Лаки сунула большой палец в рот и через несколько минут уснула.

* * *

Лаки была жаворонком: в шесть-семь часов утра она уже была на ногах. Дарио и няня Камден никогда не поднимались раньше половины девятого. Ее это нисколько не огорчало. Она научилась сама готовить себе завтрак и наслаждалась своей самостоятельностью. Конечно, ей не разрешалось выходить из дома без взрослых. Всюду была установлена сигнализация. Стоило приоткрыть дверь или окно, как начинали звенеть колокольчики. Однажды она попробовала — папа чуть не сошел с ума. Кричал, вопил, ругался и носился по дому и саду с пистолетом в руке. Прямо как по телевизору.

Ей было дико смешно, а Дарио испуганно заревел.

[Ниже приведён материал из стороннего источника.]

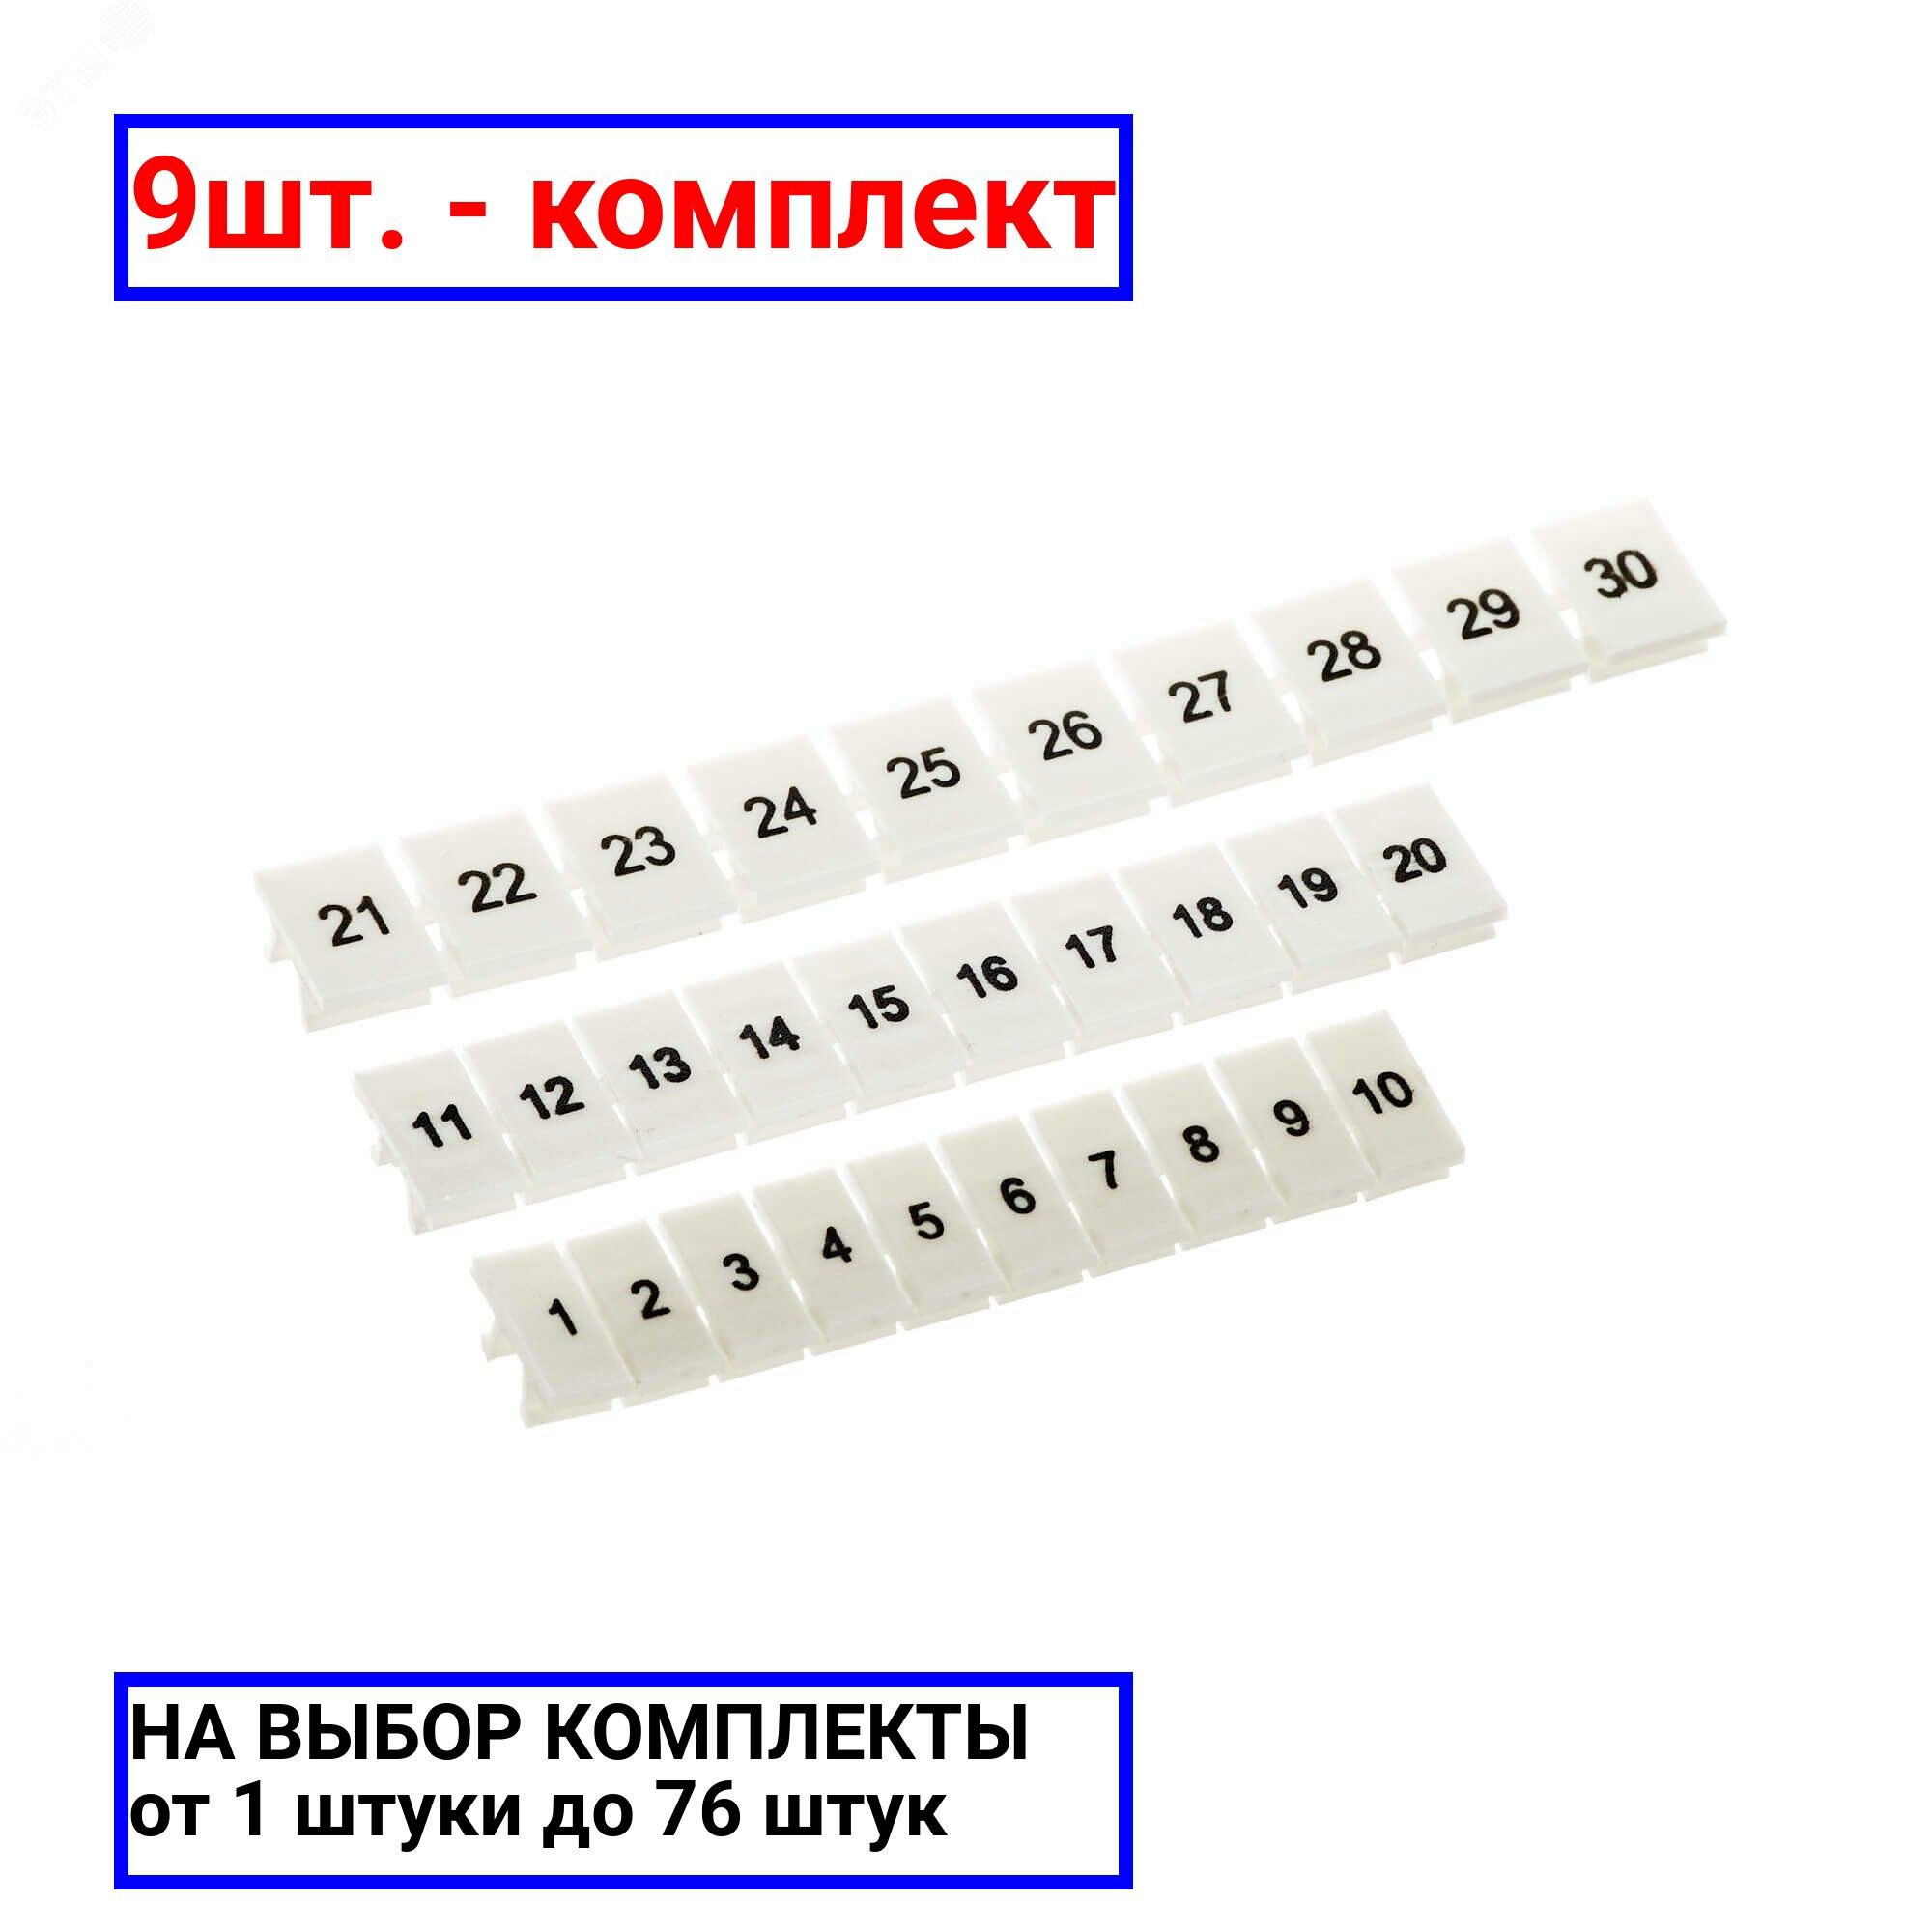 9шт. - Маркировка для клемм ширина 8 мм от 1 до 10 вертикальная ориентация / DKC; арт. NUPUTUK-8-1-10V; оригинал / - комплект 9шт

Когда папа был дома, он тоже рано вставал. Лаки знала, куда что вставить, чтобы вскипятить себе чай. Или сварить папе кофе так, как он любил, и заработать лишнюю порцию поцелуев.

Мама вставала поздно, не раньше девяти. Или половины десятого. Папа шлепал ее по мягкому месту и называл соней. Лаки отворачивалась, чтобы не видеть, как они целуются.

За окном вовсю чирикали птицы. Лаки вскочила с постели и подбежала к окну, чтобы посмотреть. Ее ожидал сюрприз: мама уже проснулась и нежилась в бассейне. Она лежала на полосатом надувном матрасе, дрейфовавшем в центре водной глади.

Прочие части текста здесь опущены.